Certain pixels are entirely masked or have data of questionable quality. This pipeline bit gives insight into the root cause of why this (tiny fraction of the) data is unable to be processed.
| Bit | Value | Meaning |
|---|---|---|
| - | 0 | No problems |
| 0 | 1 | reference array pixels |
| 1 | 2 | reference pixels |
| 2 | 4 | bad reference pixels |
| 3 | 8 | pixels not dark corrected |
| 4 | 16 | pixels with negative dark current |
| 5 | 32 | pixels with large dark current |
| 6 | 64 | flat response too low |
| 7 | 128 | one diff was dropped because it is a likely cosmic ray |
| 8 | 256 | more than one diff was dropped because they were likely cosmic rays (sus) |
| 9 | 512 | bad linear SUTR chi2 |
| 10 | 1024 | failed 1D extraction |
| 11 | 2048 | no nearby good pixels in 1D extraction |
| 12 | 4096 | neff>10 in 1D extraction |
| 13 | 8192 | pixel partially saturated |
| 14 | 16384 | pixel fully saturated |
To test the pipeline, run the run_all.sh script with the desired tele and SJD. For example:
./src/run_scripts/run_all.sh apo 60639This is good practice before asserting a PR with substantial changes is ready for a merge (in the absence of a CI pipeline, which is still in progress).

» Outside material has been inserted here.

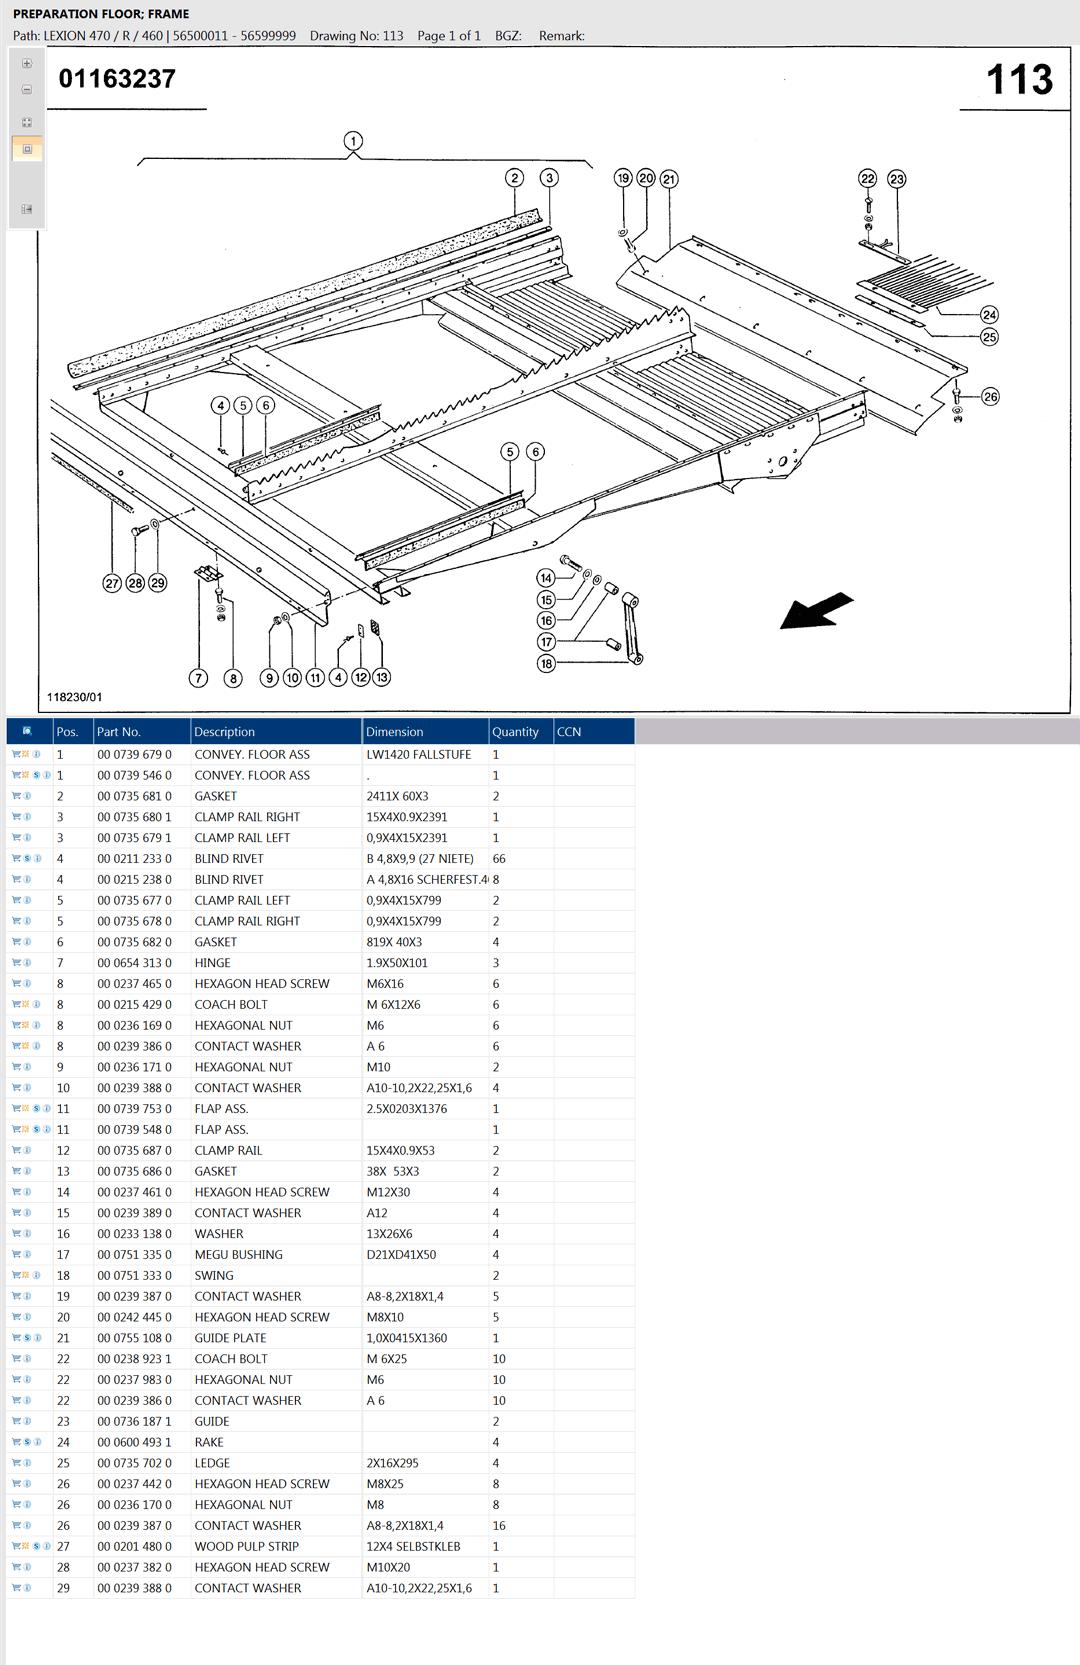 Lexion 470R parts and scheme - preparation floor
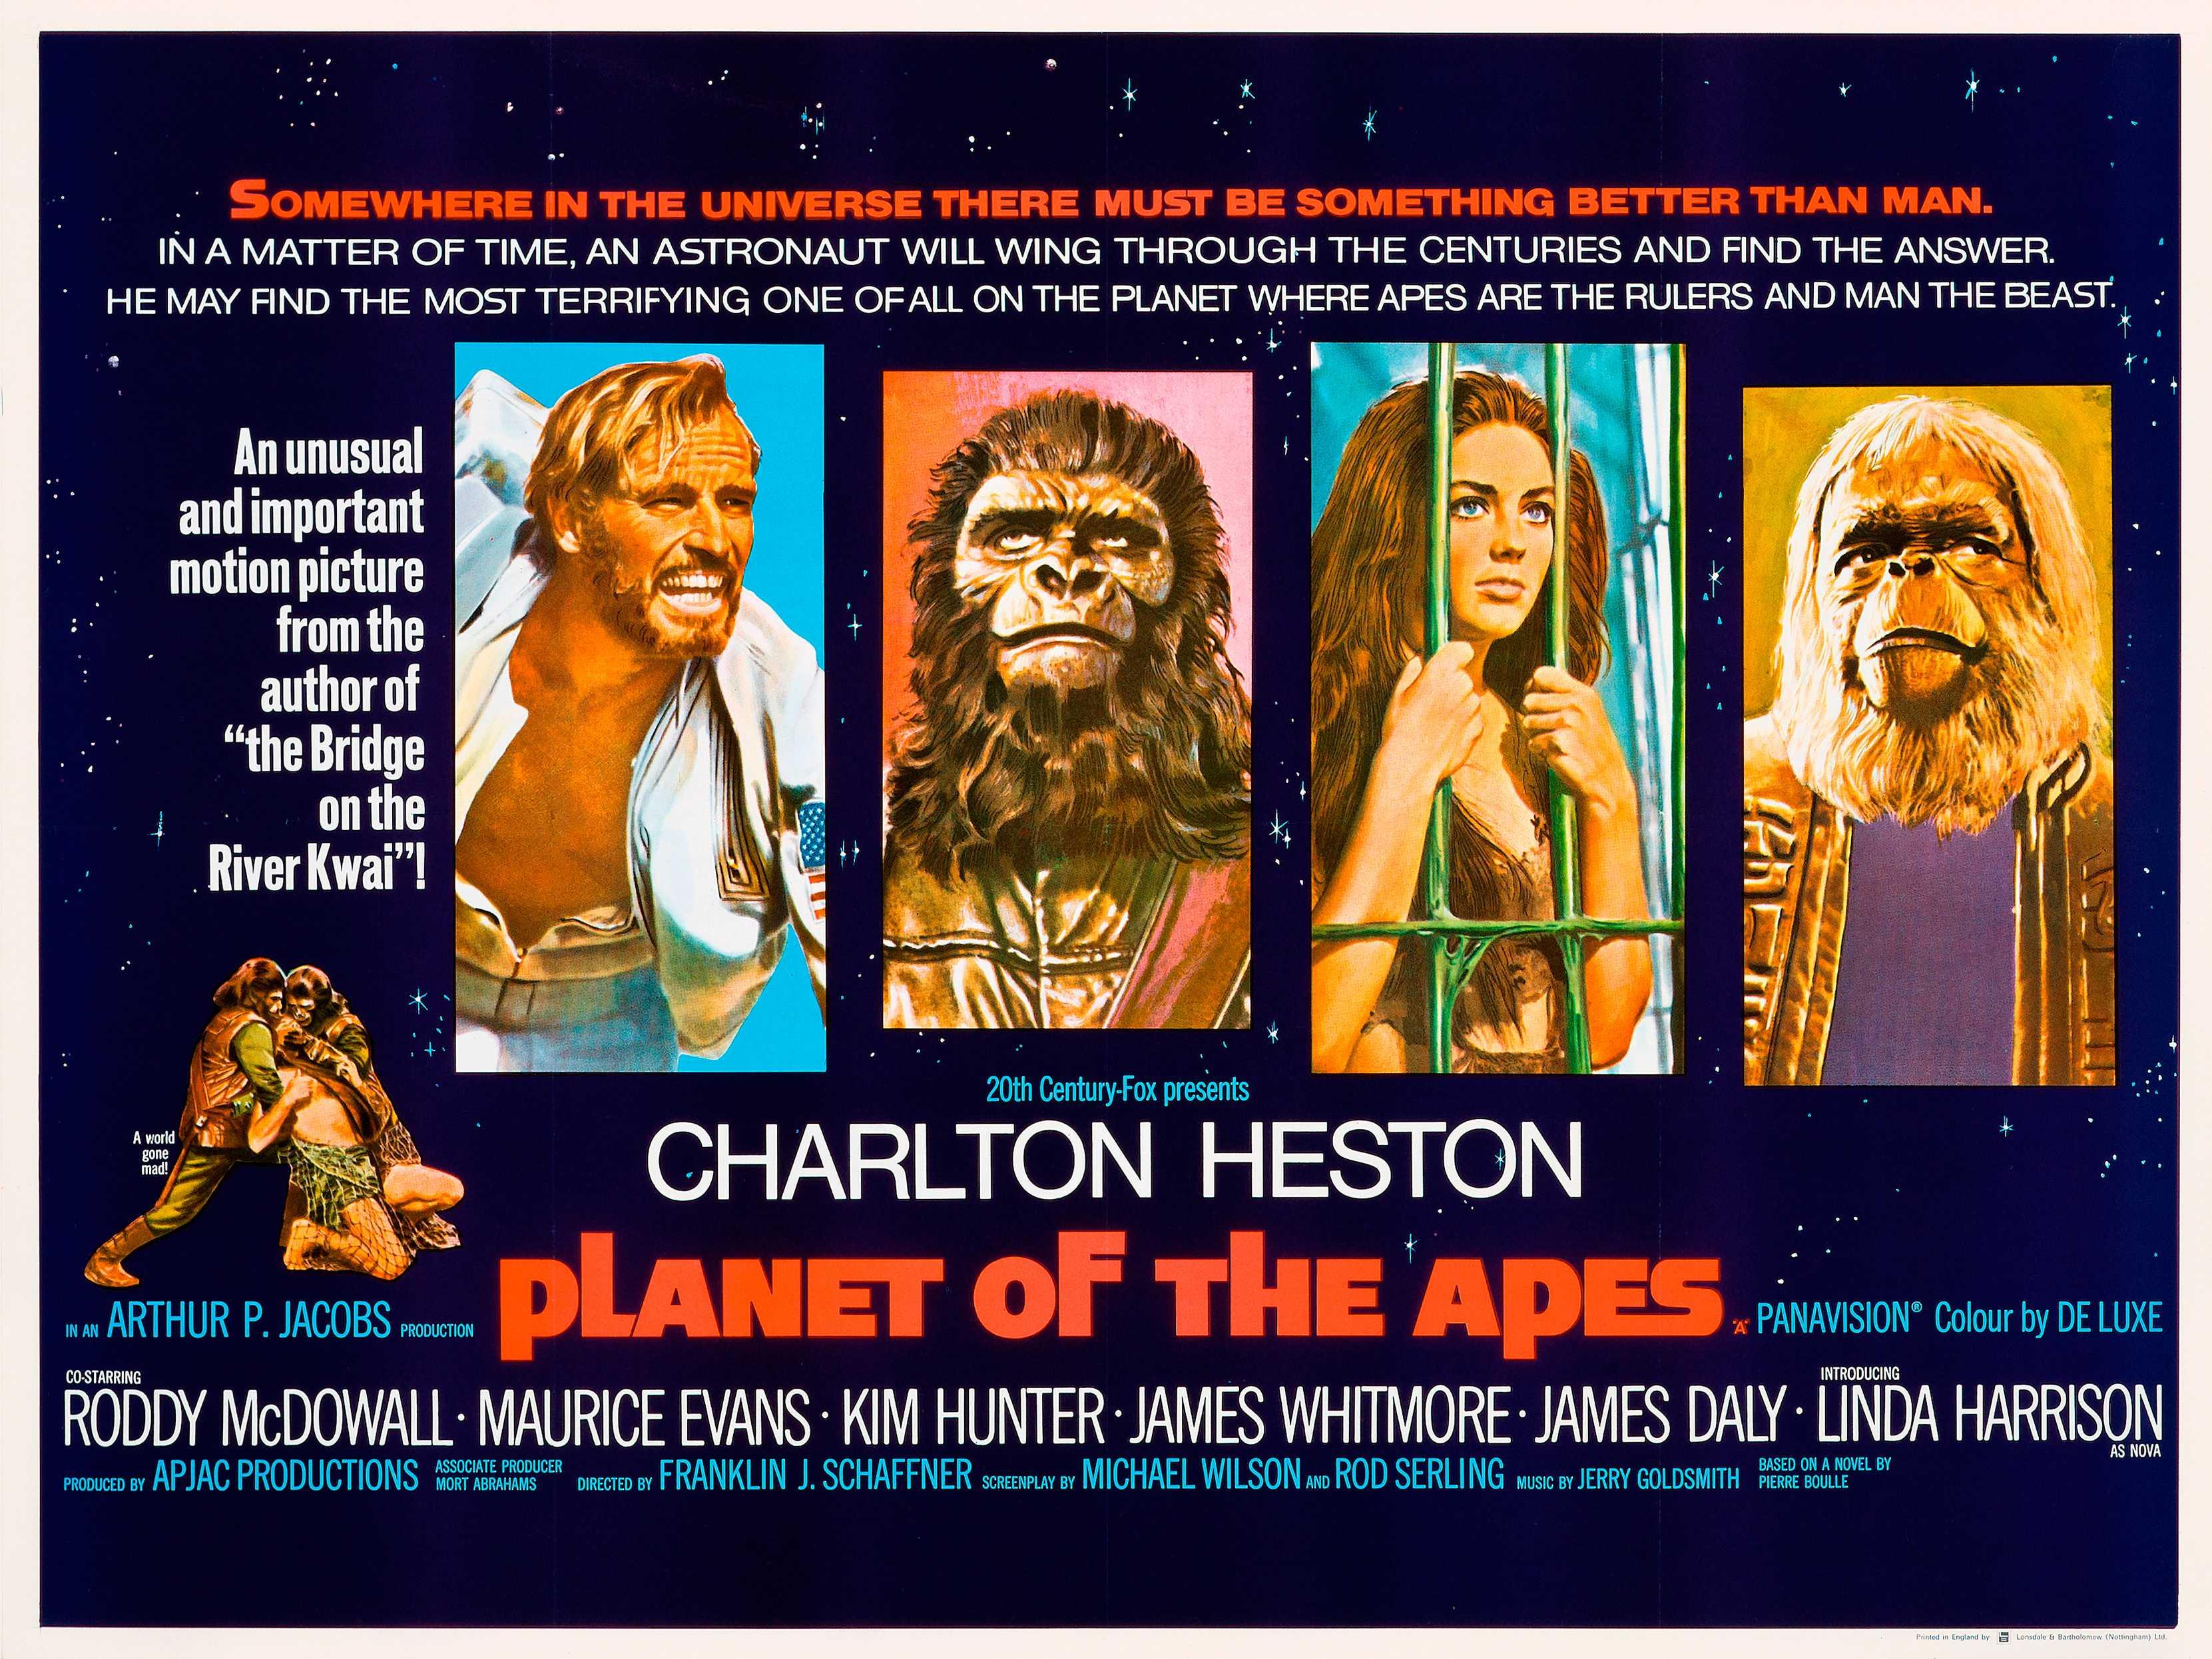 planet of the apes retro movie posterretro movie poster

SJD is an "SDSS Julian day," which is adjusted to roll-over earlier than the usual MJD (modified Julian day) so that the day roll-over does not collide with evening calibrations and preparations (defined in https://ui.adsabs.harvard.edu/abs/2015PASP..127..397W/abstract, updated for LCO see for example https://github.com/sdss/sdsstools/blob/main/src/sdsstools/time.py#L21).
The two APOGEE instruments are at two different observatories: APO (north) and LCO (south)
MJD = JD - 2400000.5
SJD = MJD + 0.3 # at APO
SJD = MJD + 0.4 # at LCO
- APO is MST/MDT. This means that a new SJD occurs at 10:48 AM MST (UTC-7), instead of 5:00 PM MST (UTC-7).
- LCO is CLT/CLST. This means that a new SJD occurs at 12:48 PM CLT (UTC-4), instead of 7:00 PM CLT (UTC-4).
SJD is only ever used for rough definitions of a "day" (taking only the integer part), used mostly for foldering and grouping nightly calibrations with observations. However, long daytime calibration runs can sometimes be broken up by the SJD switch. In call cases, when precise timing is necessary, we convert from TAI to JD, storing at Float64 precision.
All contributions are welcome! Please feel free to open a PR with any changes you would like to see. We will help you troubleshoot any test failures, so please feel free to open a PR with in progress code, or even code in another coding language that has the functionality you would like to see. If you don't have any code related to your idea, please feel free to open an issue and we will help you get started.
Quick tips on Julia for Python programmers
To enable the Slack Messaging functionality, you need the OAuth token for the bot to be in your bashrc. Please contact the current repo owner for that token. Please also change the the channel key ENV["SLACK_CHANNEL"] in the src/utils.jl file to the "dev" version during development to reduce noise on the daily processing channel.